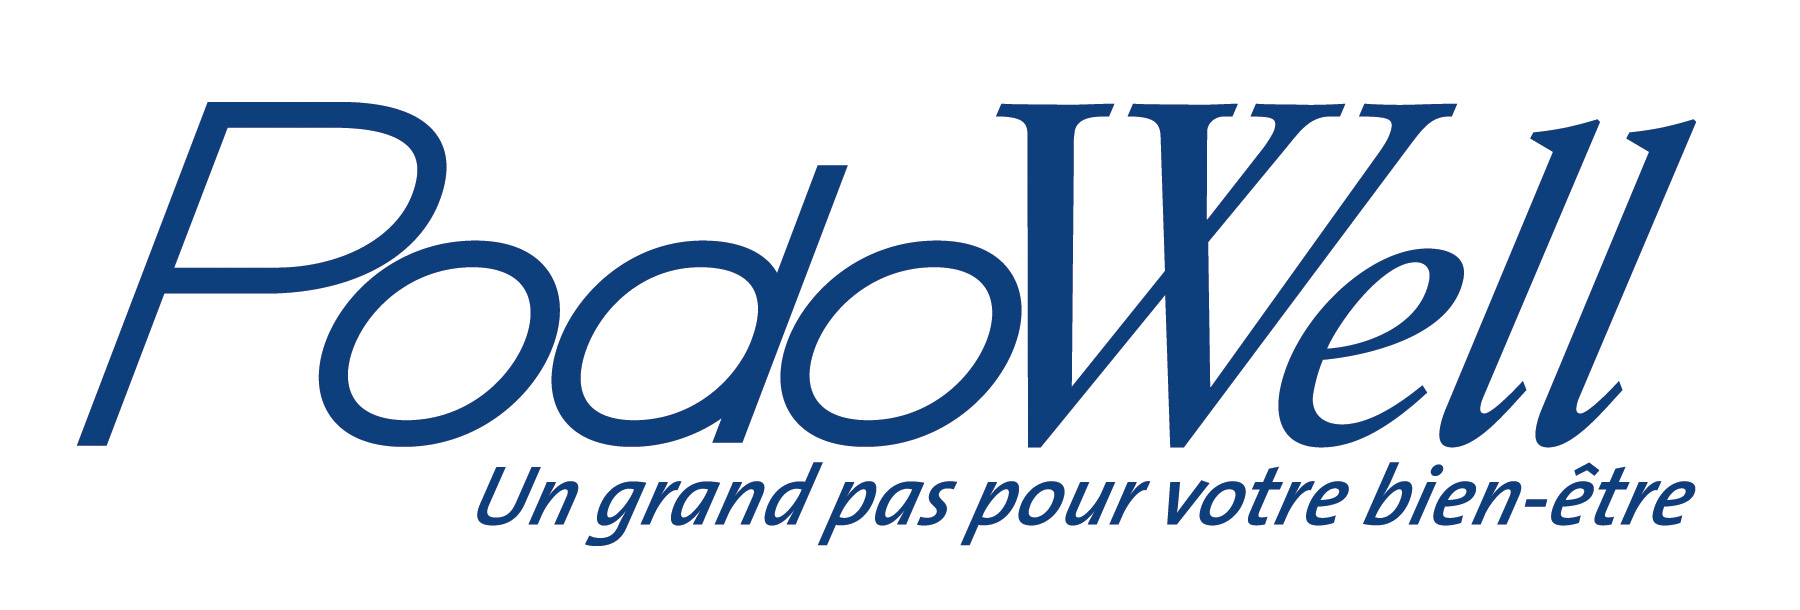 Podowell canada logo
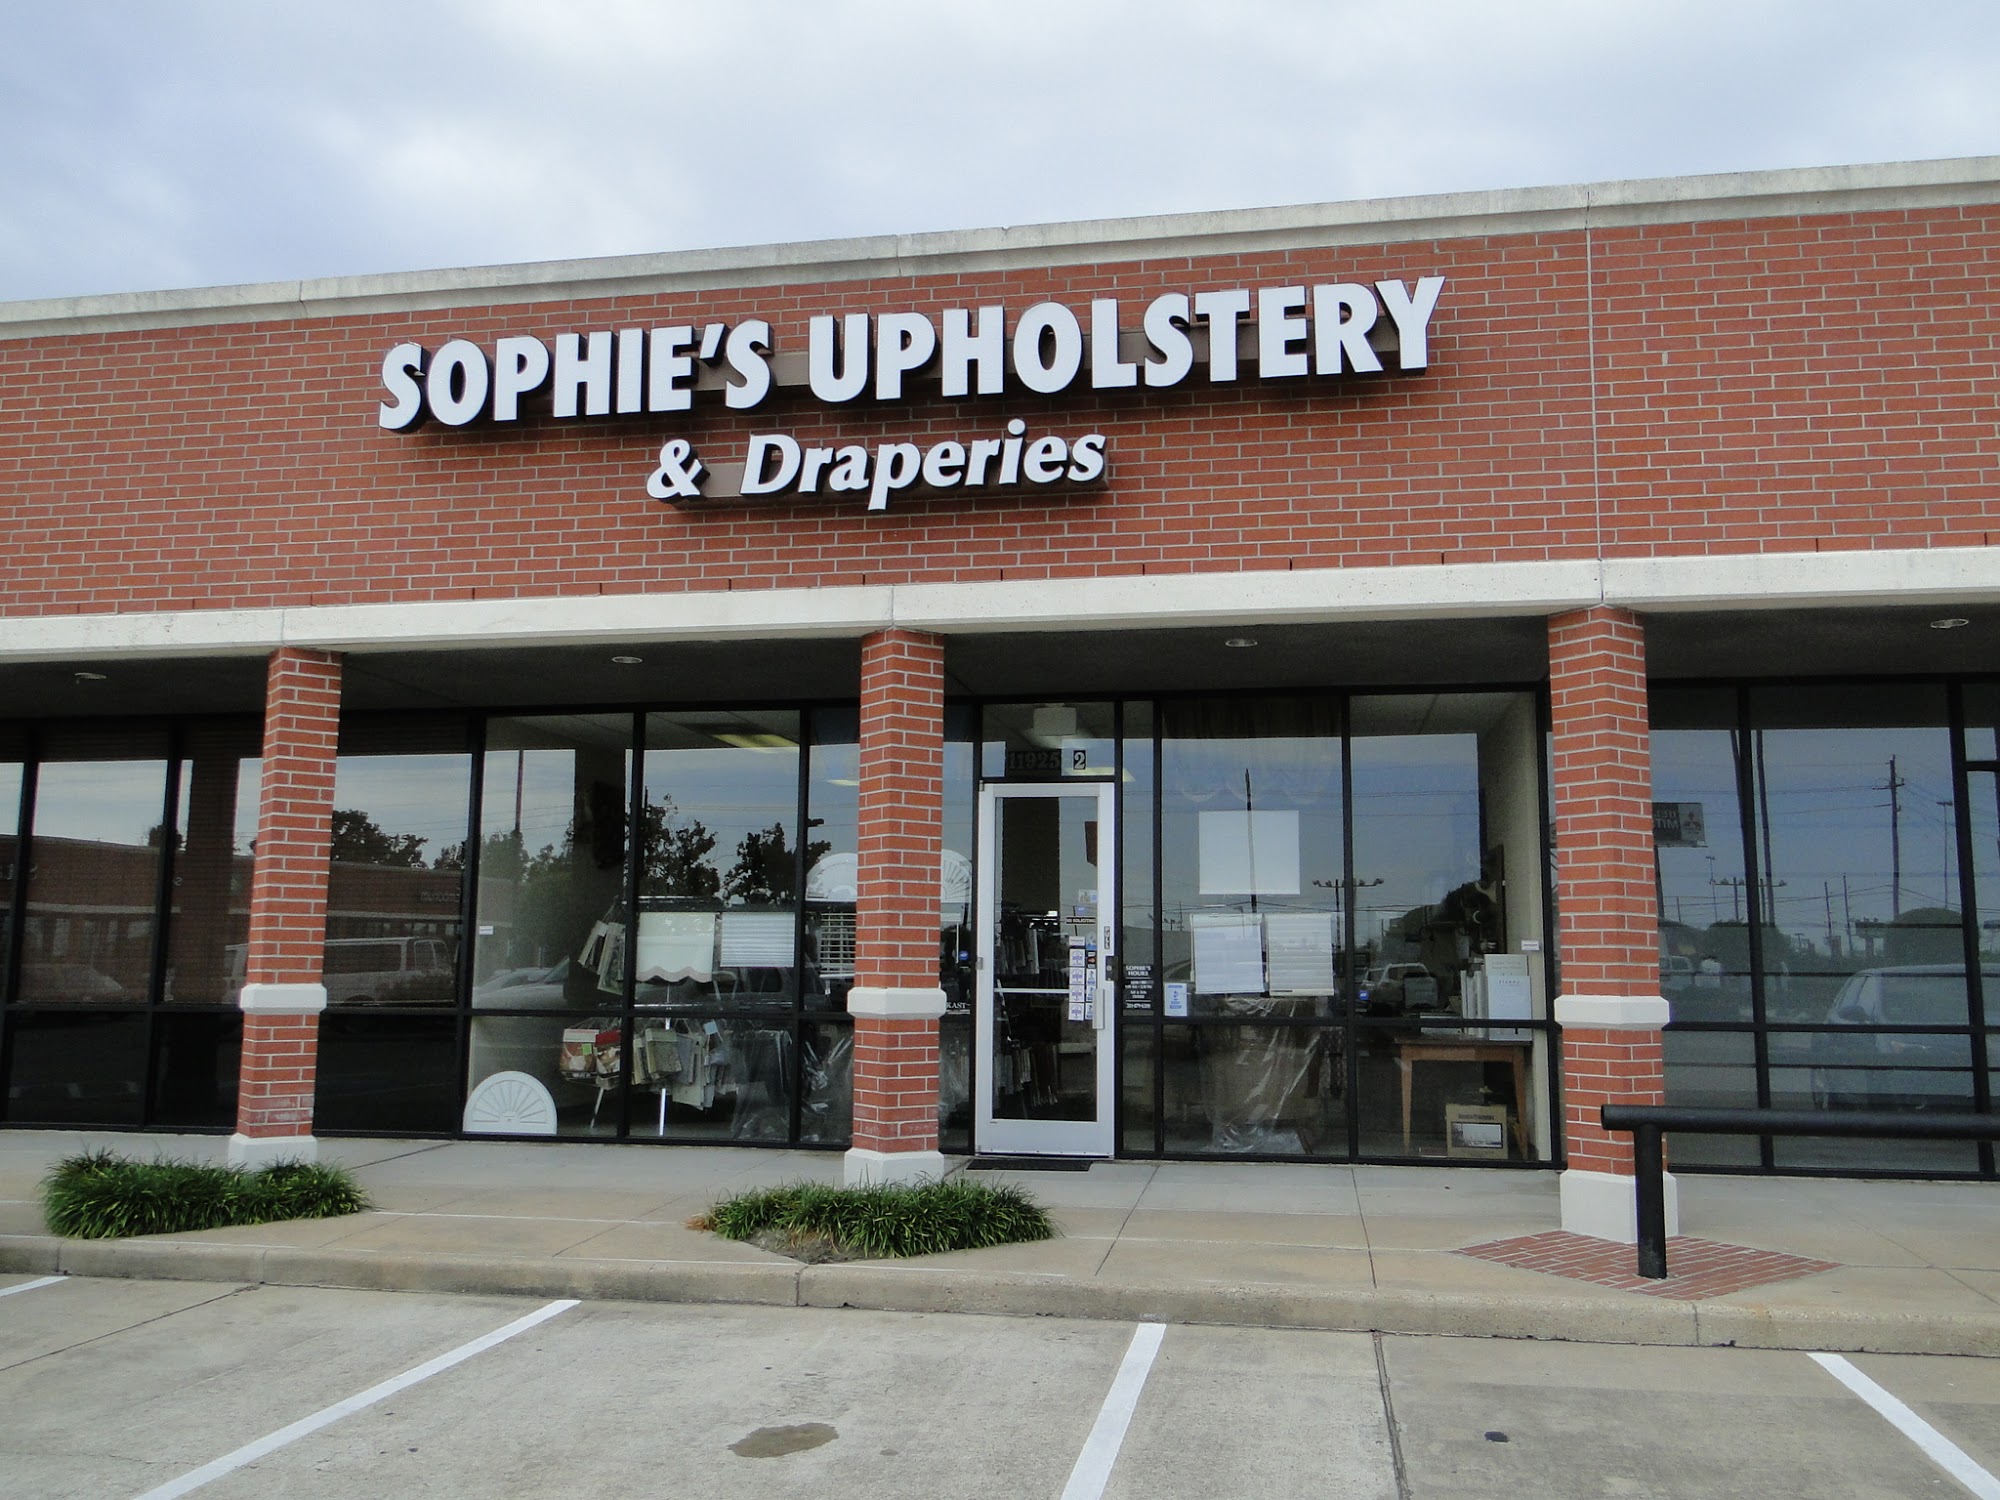 Sophie's Upholstery & Drapery
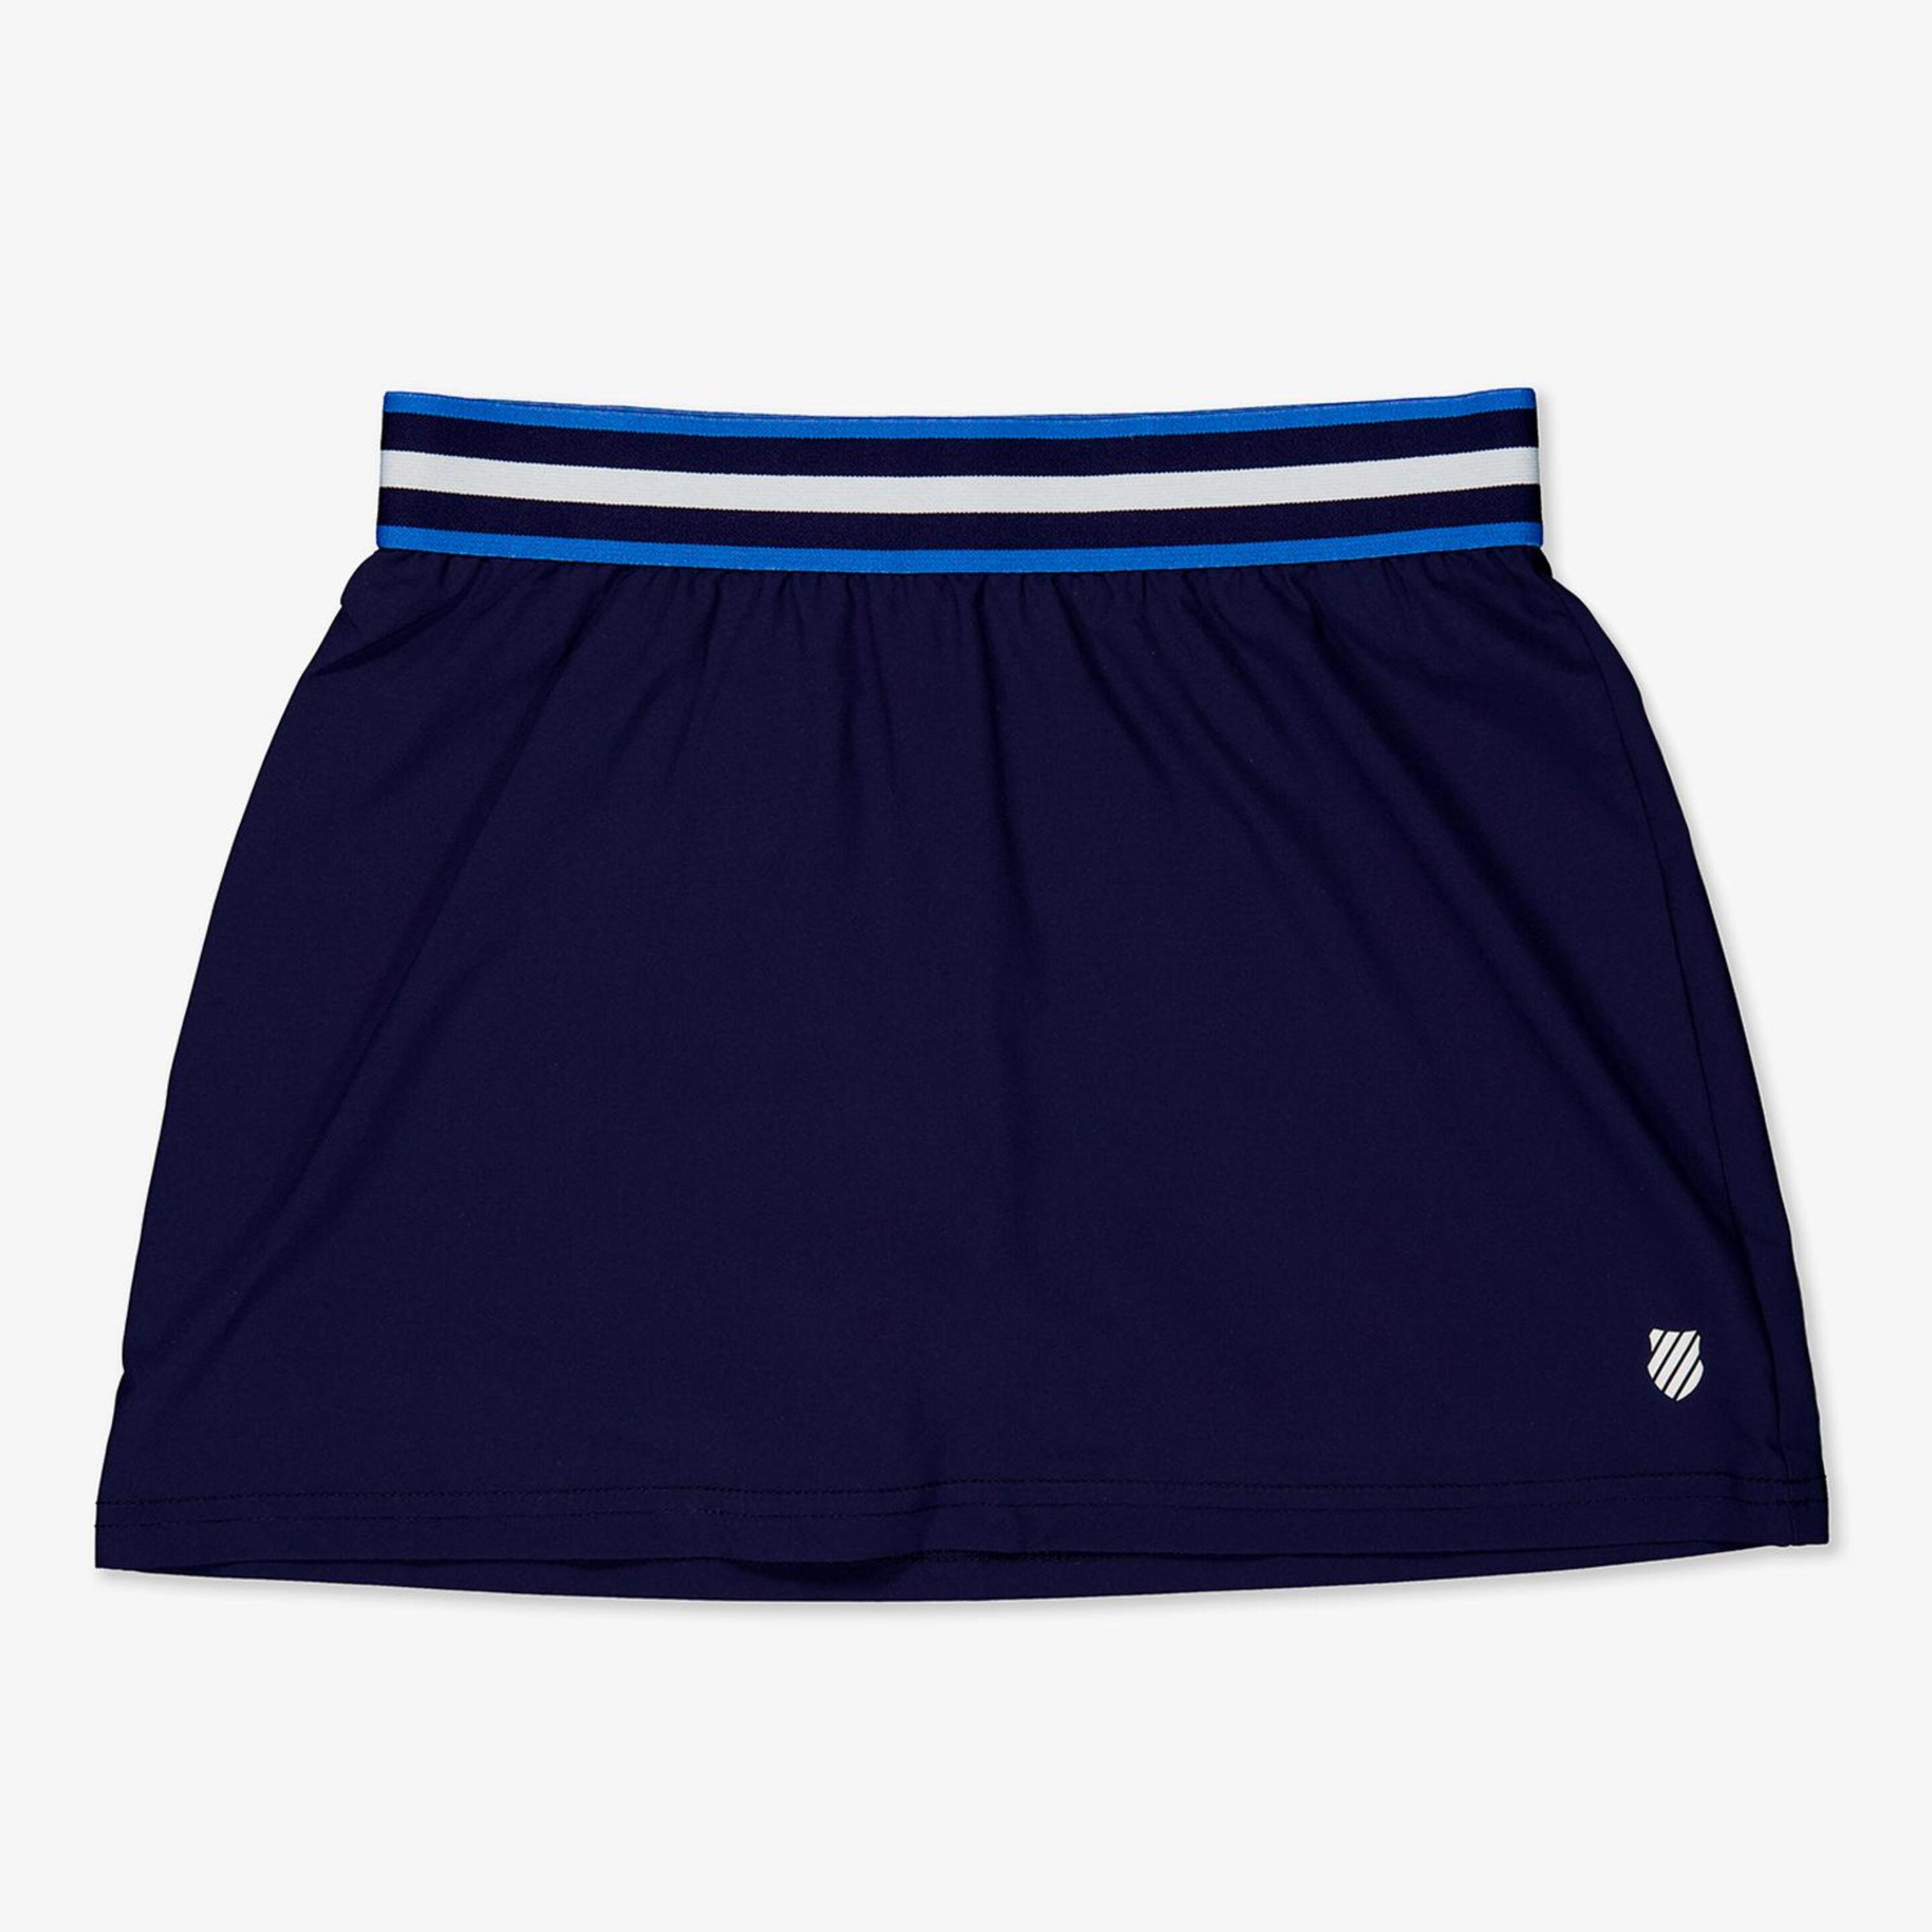 K-swiss Core Team - azul - Falda Pantalón Tenis Niña
═══
### What to do
Keep the pictures out of the copy and write out the data exactly as it stands.

### Written answer
 Podowell canada logo
 Sophie's Upholstery & Drapery
 K-swiss Core Team - azul - Falda Pantalón Tenis Niña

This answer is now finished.